Im Bereich Outsourcing ist der Ruf von Swisscom bekanntlich durchaus umstritten. Wie sind Ihre Erfahrungen mit dem Anbieter?

Man darf nicht vergessen, dass SCIS noch nicht so lange im Outsourcing tätig ist wie etwa EDS. Und man muss fair sein: Swisscom macht – zumindest bei uns – keinen schlechten Job. Wir sind jetzt seit einem Jahr gemeinsam produktiv, und so eine Zusammenarbeit braucht nun mal Zeit. Man muss sich kennenlernen, um dann Prozesse optimieren zu können. Doch grössere Ausfälle, von denen man in der Presse im Zusammenhang mit SCIS liest, gab es bei uns bislang keine zu beklagen.

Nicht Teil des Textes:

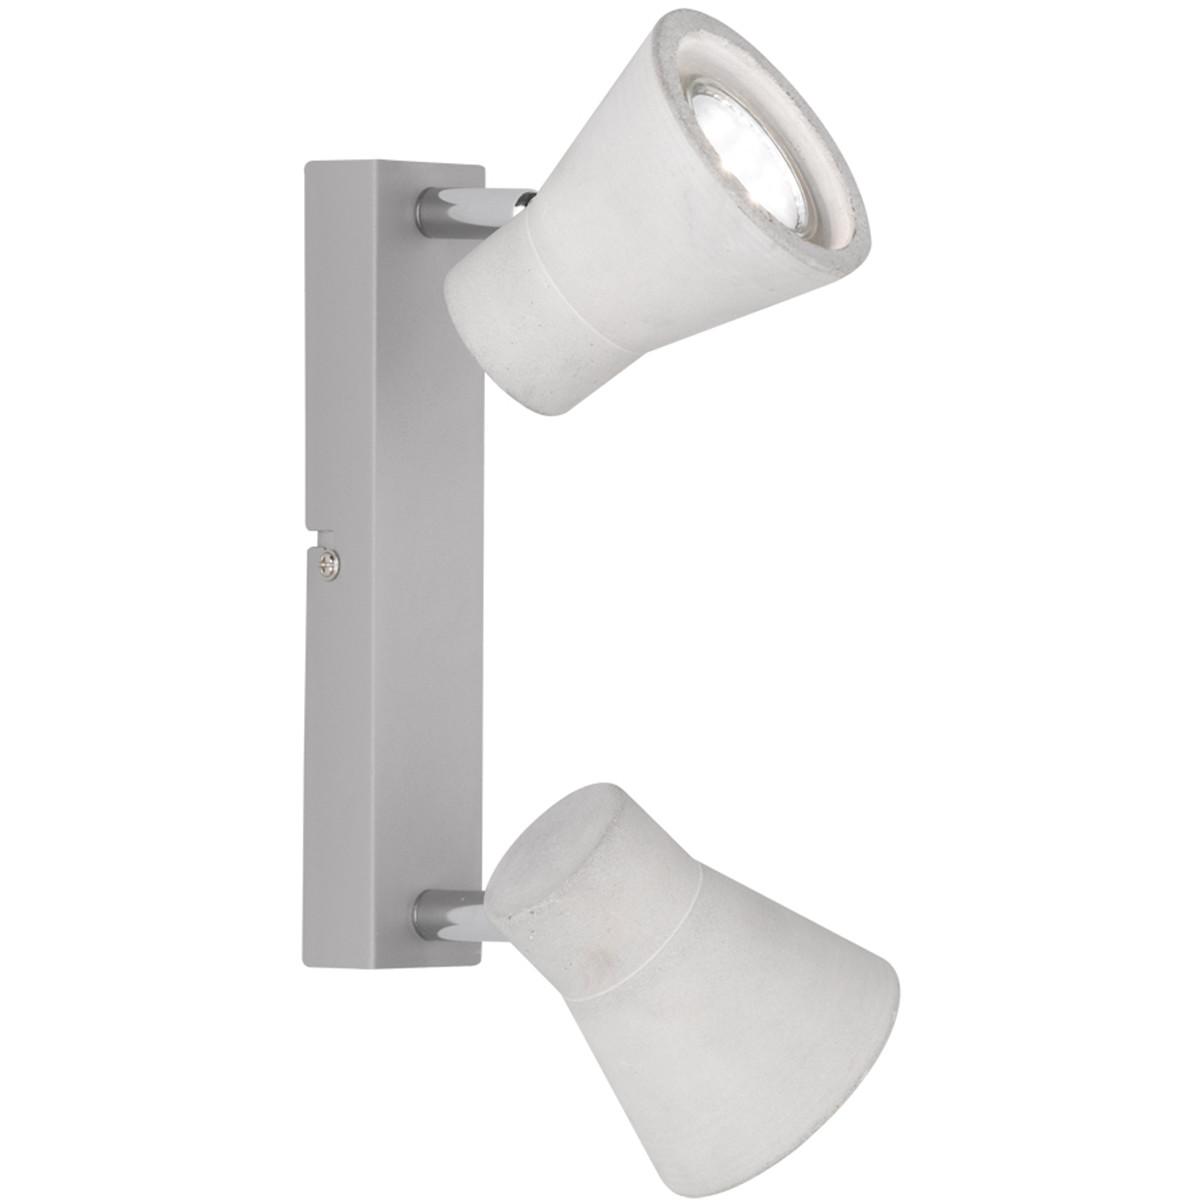 LED Plafondspot - Trion Antyna - GU10 Fitting - 6W - Warm Wit 3000K - 2-lichts - Rond - Beton Look -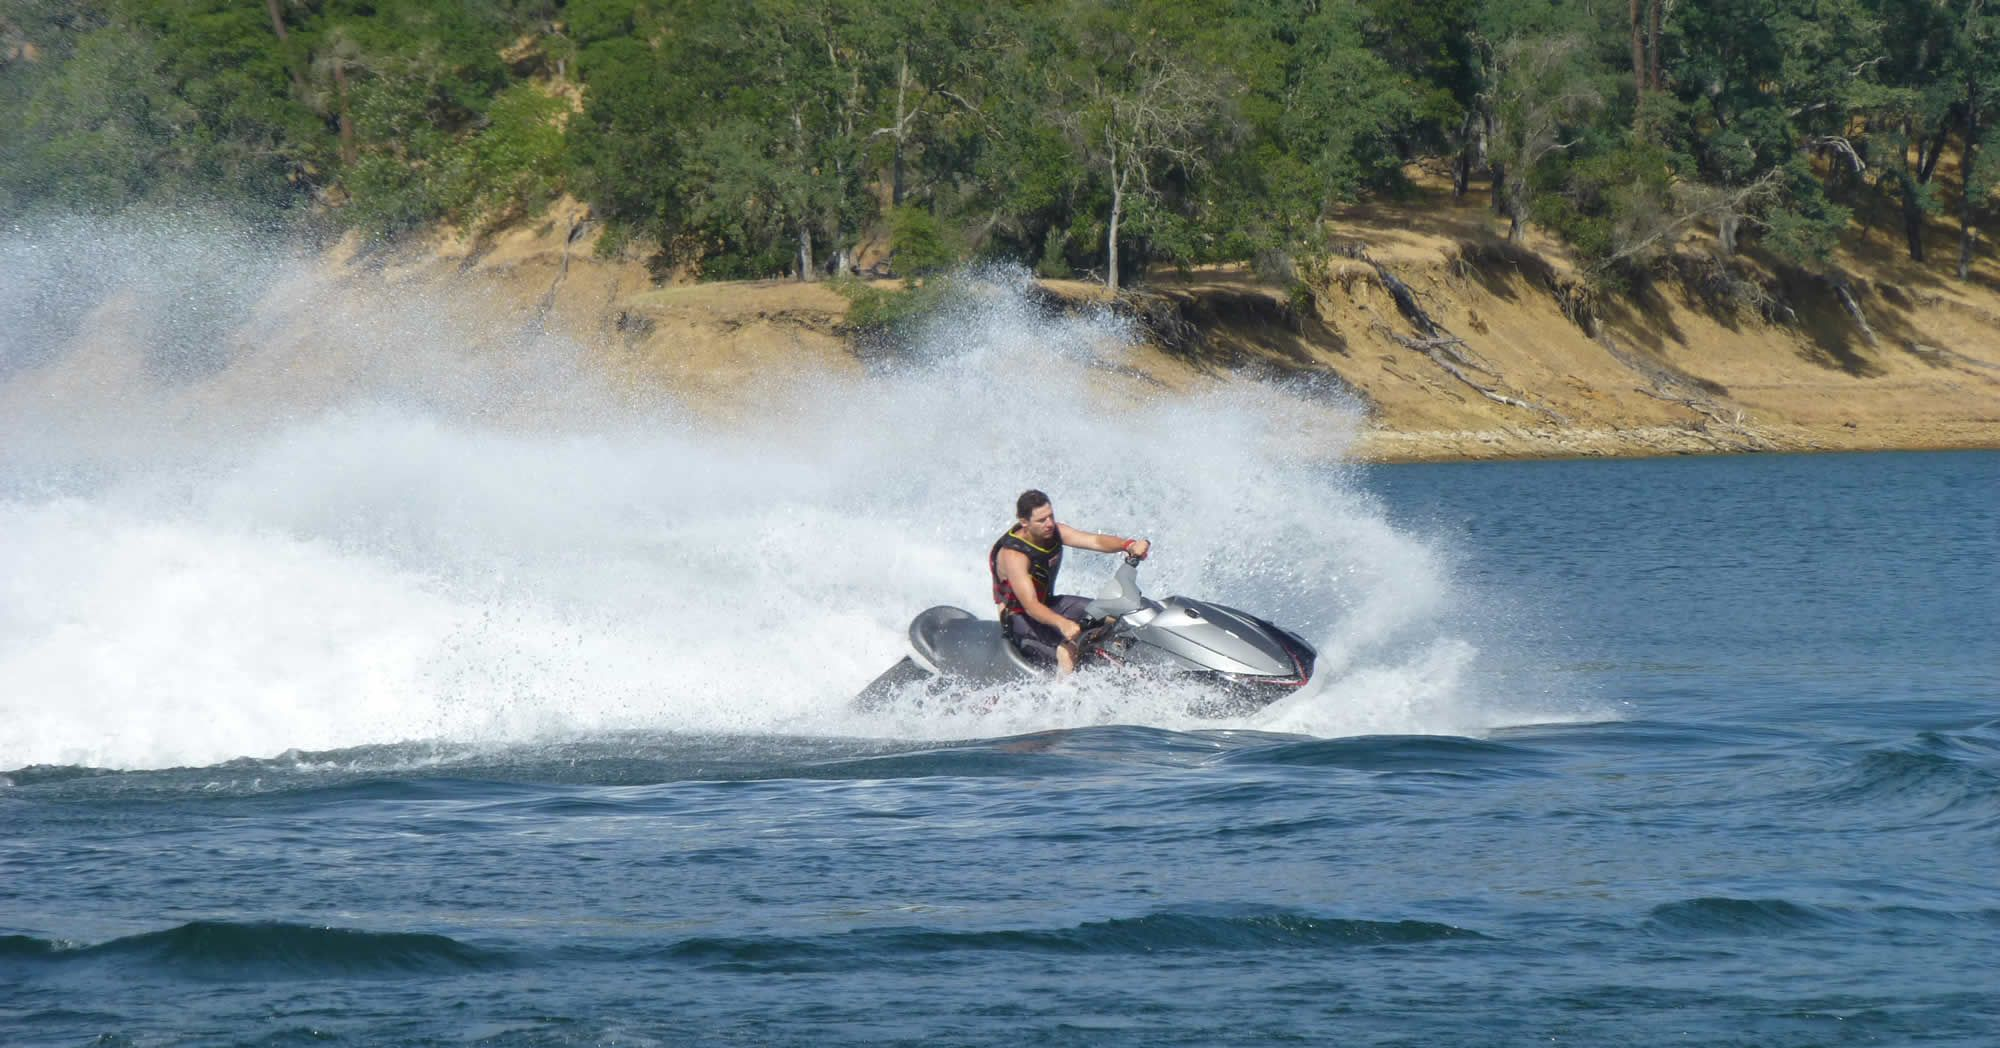 Lake Berryessa Boat And Jet Ski Rentals Boating Fun At Lake Berryessa Jet Ski Rentals Jet Ski Wakeboard Boats

Wo merken Sie, dass Swisscom noch nicht so lange in diesem Business tätig ist?

Man spürt das beispielsweise daran, dass die Umsetzung von Änderungen, die bei uns anstehen, etwas länger dauert, als wir uns das von früher gewohnt sind. Das hängt aber sicher damit zusammen, dass unsere Partnerschaft noch frisch ist. Wenn man zuvor zwölf Jahre mit demselben Provider zusammengearbeitet hat und dabei acht Jahre lang den gleichen Account-Manager hatte, ist das ein eigespieltes Team und Änderungen werden schneller umgesetzt. Ich persönlich denke zudem, dass SCIS so schnell und stark gewachsen ist, dass das Unternehmen nun einfach etwas Zeit braucht, sich optimal auf die Kunden einzustellen.





Warum wollte man eigentlich weg von EDS?

Wir waren zwölf Jahre bei EDS. Nach einer so langen Zeit hat man bewusst einen Wechsel angestrebt. Es war aber nicht so, dass es grössere Probleme oder Ausfälle gab bei EDS. Wir haben uns einfach neu orientiert und sind so auf Swisscom gestossen.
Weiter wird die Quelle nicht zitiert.